“I must admit, you two have been quite impressive. Your reputation is certainly well earned. It was very clever of you two, slipping in the sewers behind those rat catchers, using them as a decoy. It was also intelligent of you to send that note causing me to direct you right to the princess, but your genius ended there. You see, I can kill you whenever I want, but I want you alive. I need at least one person to execute. The mob will insist on that. In a few moments, Wylin and a dozen guards will come up here, and you will be taken to the stake. Meanwhile, your friend, whom you are sure is rescuing Arista, will be the instrument of her death and his as well. You could run and warn him, but oh—that’s right—you are keeping me at bay, aren’t you?”
Braga grinned evilly and attacked again.
Royce reached a door at the end of the hall and was not surprised to find it locked. He pulled his tools from his belt. The lock was traditional, and he had no trouble picking it. The door swung open, but immediately Royce knew something was wrong. He felt, more than heard, a click as the door pulled back. His instincts told him something was not right. He looked up the spiral stairs that disappeared around the circle of the tower. Nothing looked amiss, but years of experience told him otherwise.
He tentatively put a foot on the first step and nothing happened. He moved to the second, and the third, inching his way up. Listening for any telltale sounds, he searched for wires, levers, or loose tiles. Everything appeared safe. Behind him down the hallway, he could hear the faint sounds of swordplay as Hadrian entertained the archduke. He needed to hurry.
He moved up five more steps. There were small windows, no more than three feet tall and only a foot wide, just enough to allow light to pass through, but nothing else. The brilliant wintry sun revealed the staircase in a colorless brilliance. Weight, rather than mortar, held the smooth stone walls together. The steps were likewise made of solid blocks of stone also fitted with amazing artisanship so that a sheet of parchment could not slip between the cracks.
Royce moved up to the sixth step, and as he shifted his weight to the higher stone block, the tower shook. In reaction, he instinctively started to step back and then it happened. The previous five steps collapsed. They broke and fell out of sight into an abyss below him. Royce shifted his weight forward again just in time to avoid falling to his death and took another off balance step upward. The moment he did, the previous step broke away and fell. The tower rumbled again.
“Your first mistake was picking the lock,” Magnus told him.
Royce could hear the dwarf’s voice from the doorway below. When he turned, he could see the dwarf standing just outside the door in the castle corridor. He stood there, spinning a door key tied to a string around his index finger, winding and unwinding it. He absently stroked the hair of his beard.
“If you open the door without using the key, it engages the trap,” Magnus explained with a grin.
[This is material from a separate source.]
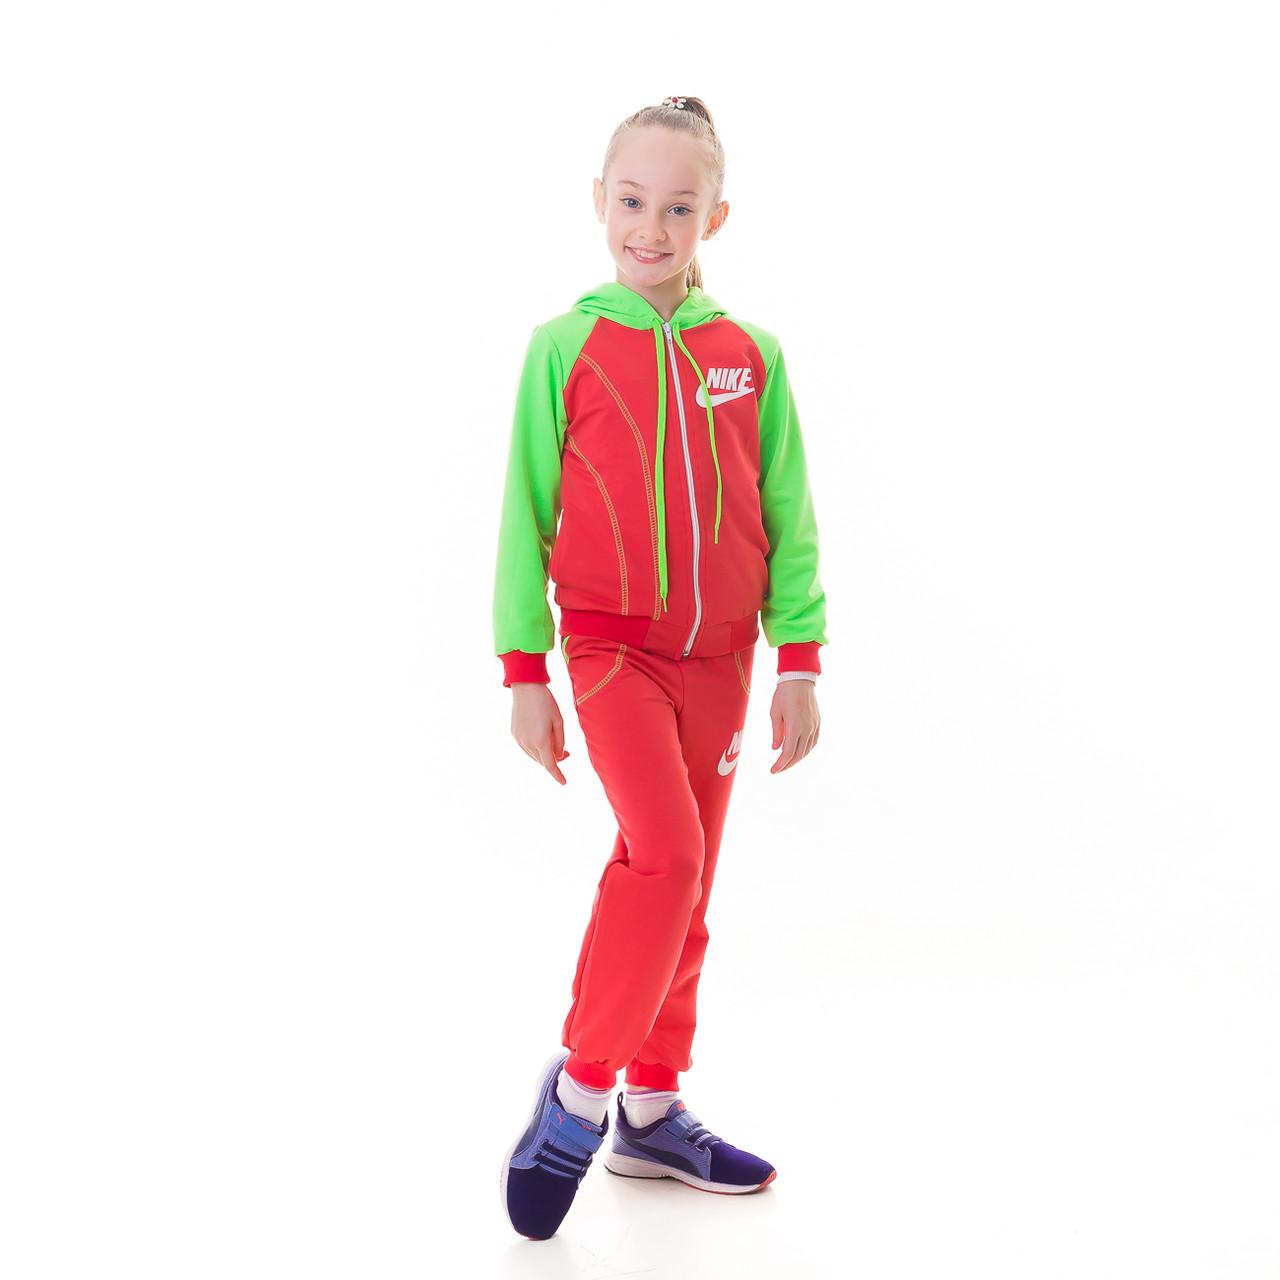 c19c09458f78 Спортивный костюм на девочку Nike - Интернет магазин детской одежды в Киеве

The dwarf began to pace slowly before the open door like a professor addressing a class. “You can’t jump the hole you made to get back here. It’s already too far. And, in case you are wondering, the bottom is a long way down. You started climbing this tower on the sixth floor of the castle, and the base of the tower extends to the bedrock below the foundation. I also added plenty of jagged rocks at the bottom, just for fun.”
“You made this?” Royce asked.
“Of course, well—not the tower, it was here already. I spent the last half-year hollowing it out like a stone-eating termite.” He grinned and flashed his eyes. “There’s very little stone left in it. All those very solid looking blocks of rock you see are parchment-thin. I left just the right amount of structure in place. The inside looks like a spider web made of stone rather than thread. Tiny strands of rock in a latticework of a classic crystalline matrix—strong enough to hold the tower up, but extremely fragile if the right thread is broken.”
“And I take it each time I take a step up, the previous one will fall?”